Personal details
- Born: December 25, 1816 Wilkes County, Georgia, U.S.
- Died: September 23, 1885 (aged 68) Lexington, Georgia, U.S.
- Resting place: Beth-Salem Presbyterian Church Cemetery
- Spouse: Martha E. Smith ​(m. 1844)​
- Occupation: Politician; farmer;

= Joseph Hubbard Echols =

Confederate politician (1816–1885)

Joseph Hubbard Echols (December 25, 1816 – September 23, 1885) was an American and Confederate politician.

==Biography==
Joseph Hubbard Echols was born on December 25, 1816, in Wilkes County, Georgia.

Echols served in the Georgia House of Representatives. He was a member of the Georgia State Senate in 1861. He was elected to represent Georgia in the Second Confederate Congress from 1864 to 1865.

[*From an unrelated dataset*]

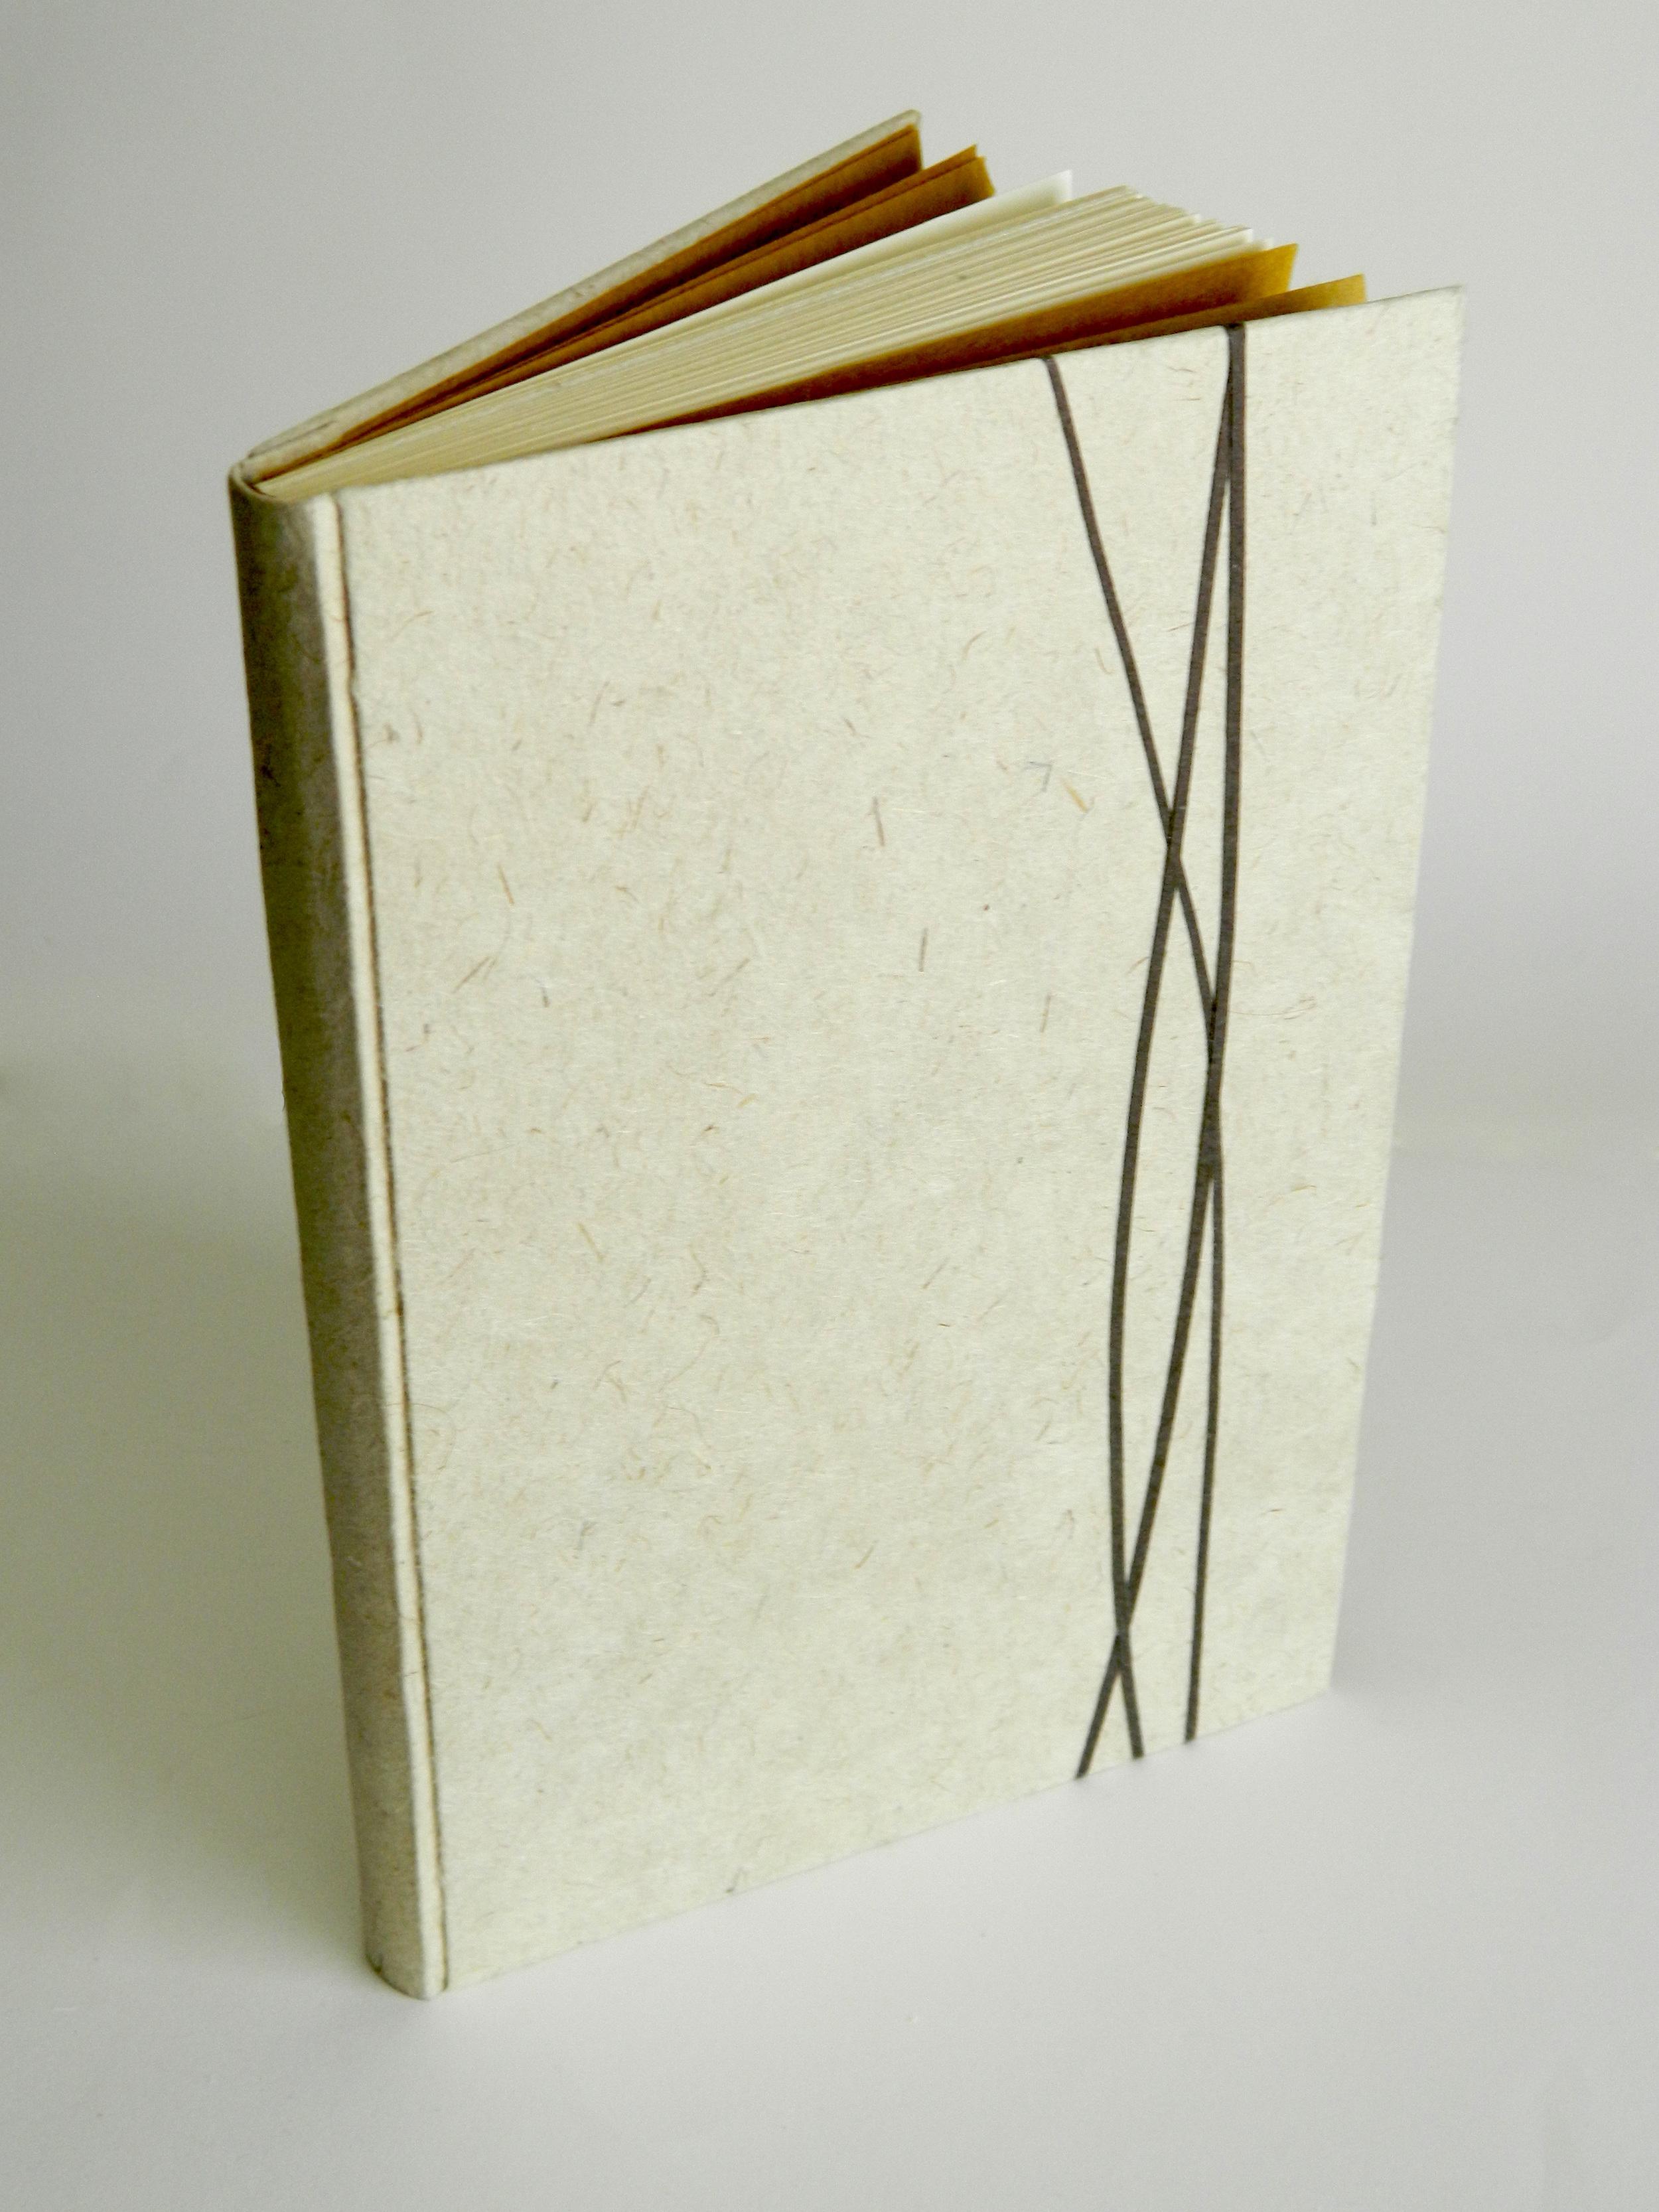 Simplified binding
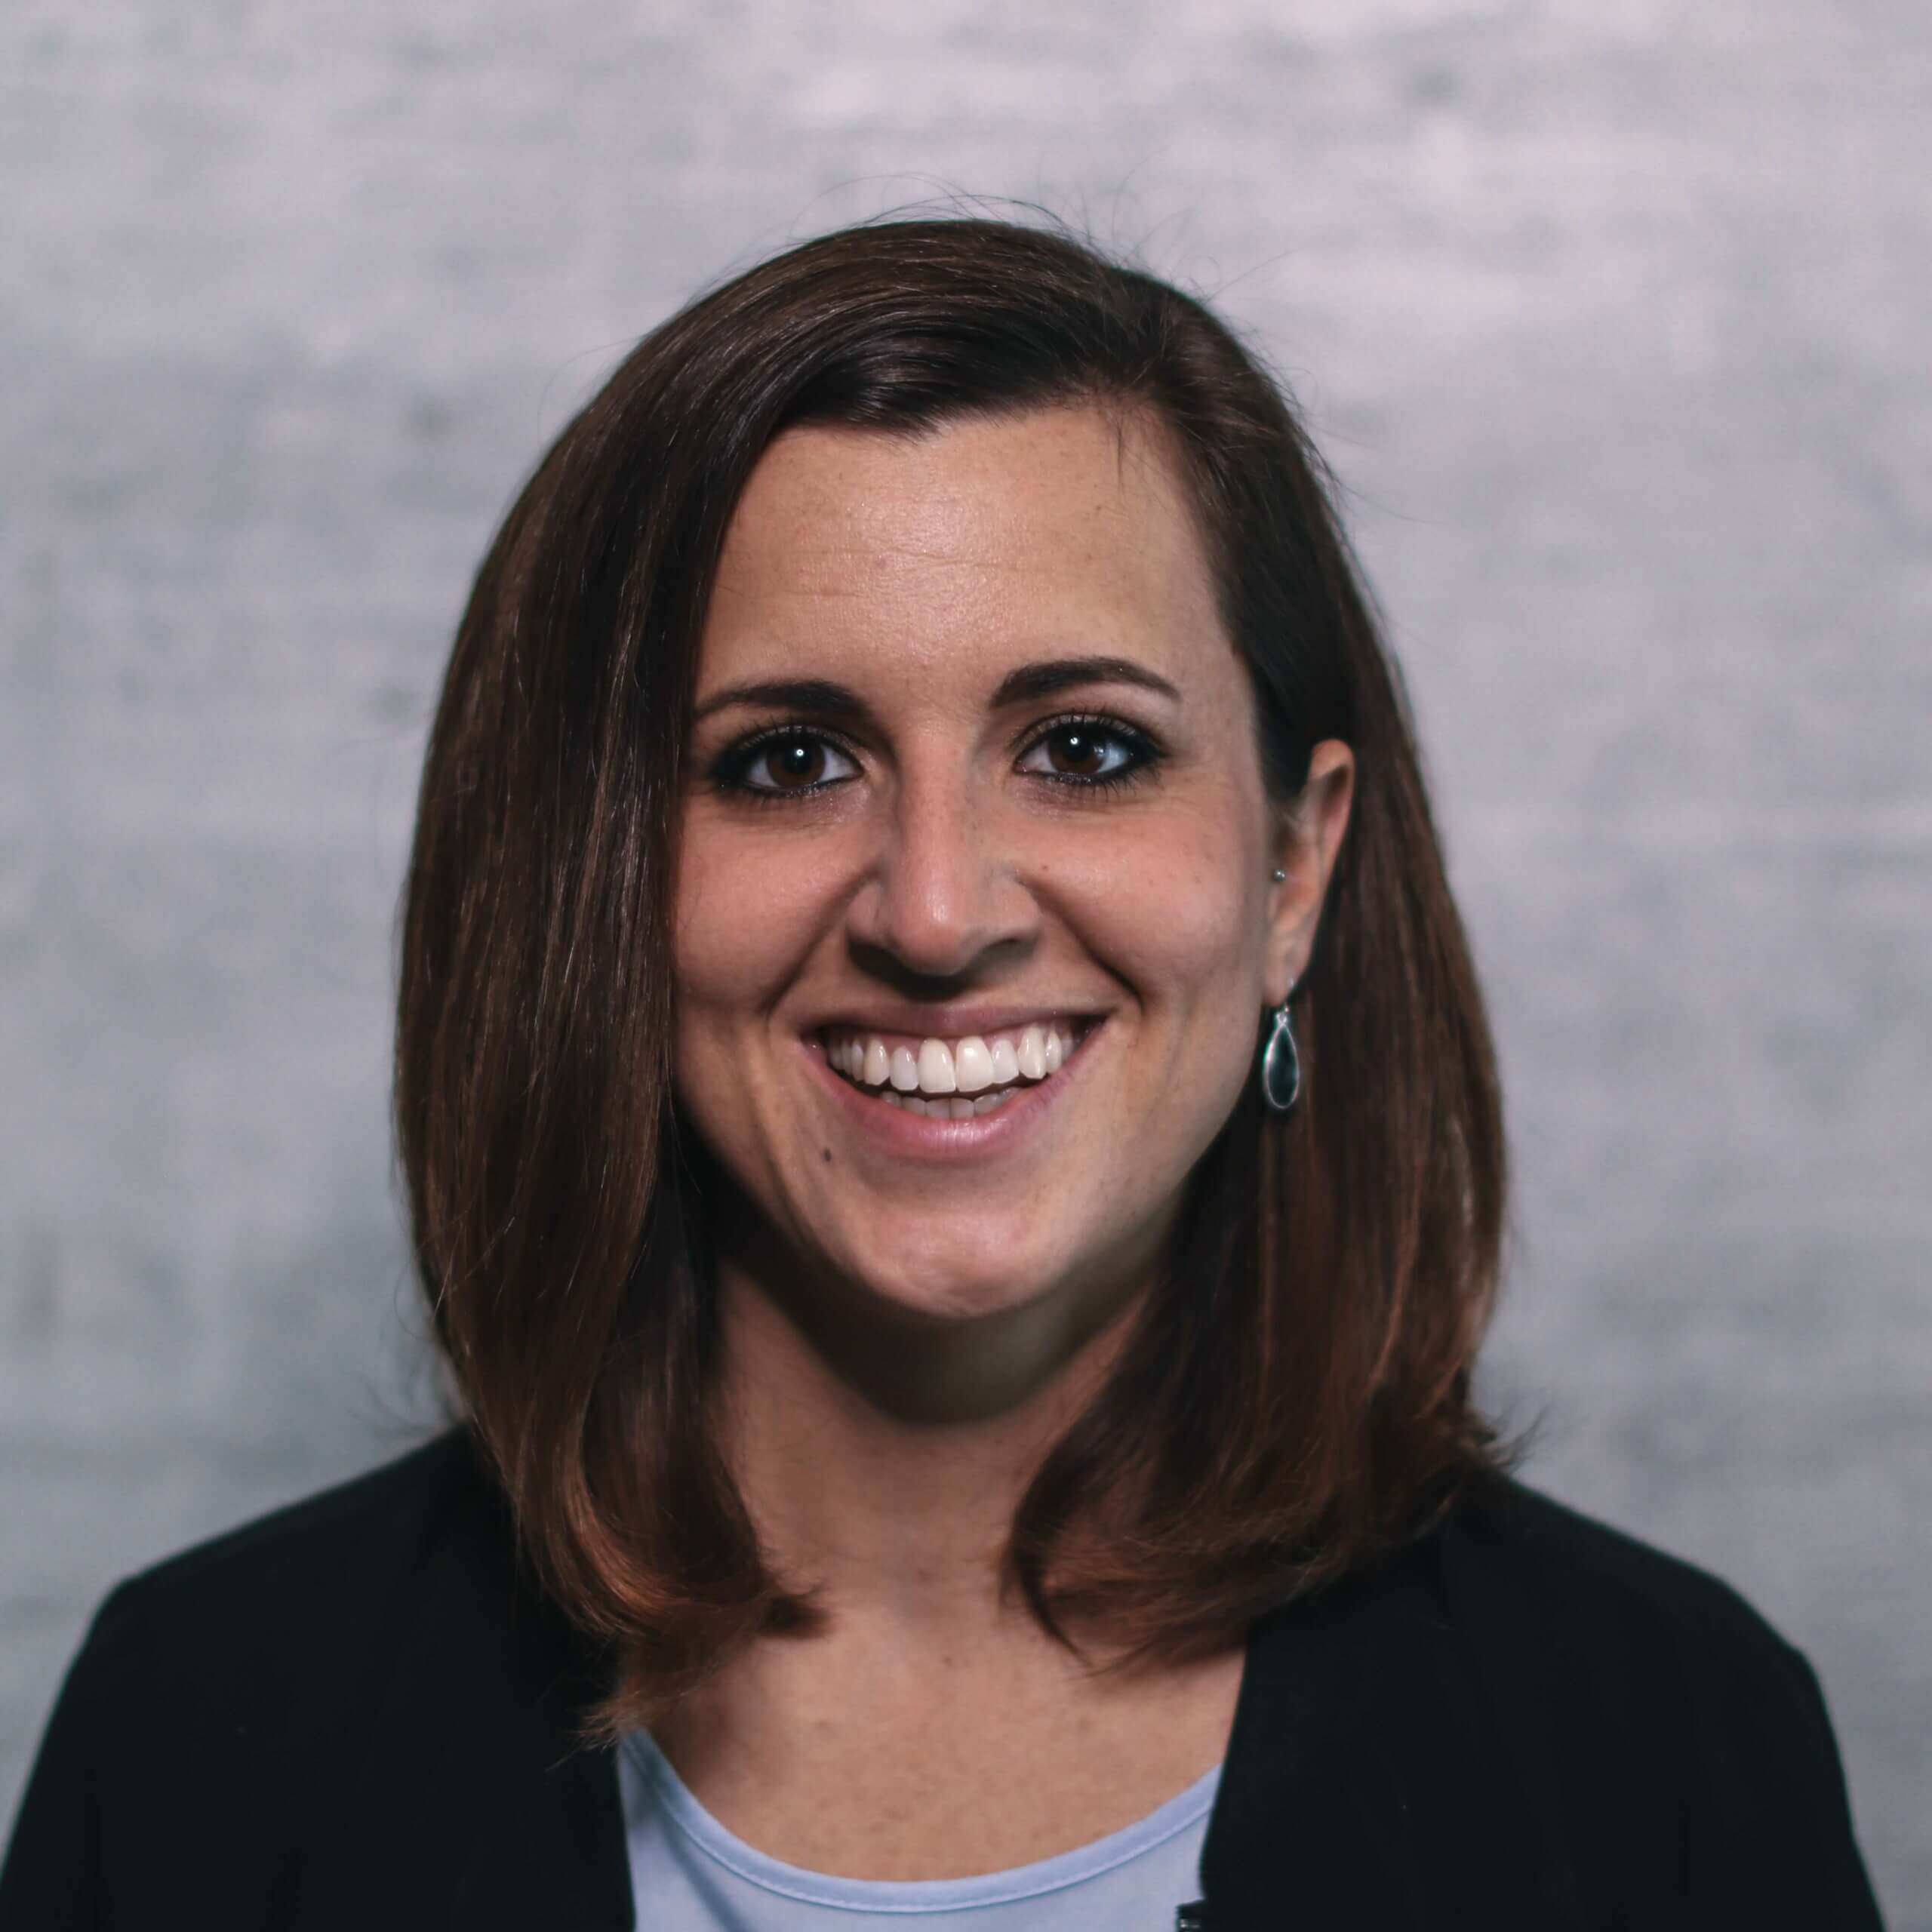 Melanie Troxler

In 1854, Echols was elected president of the Methodist Female College in Madison, Georgia, succeeding James L. Pierce. He was a Methodist. He was also a planter.

Echols married Martha E. Smith, daughter of Robert S. Smith, on February 1, 1844. He died on September 23, 1885, at his home in Lexington, Georgia. He was buried in Beth-Salem Presbyterian Church Cemetery.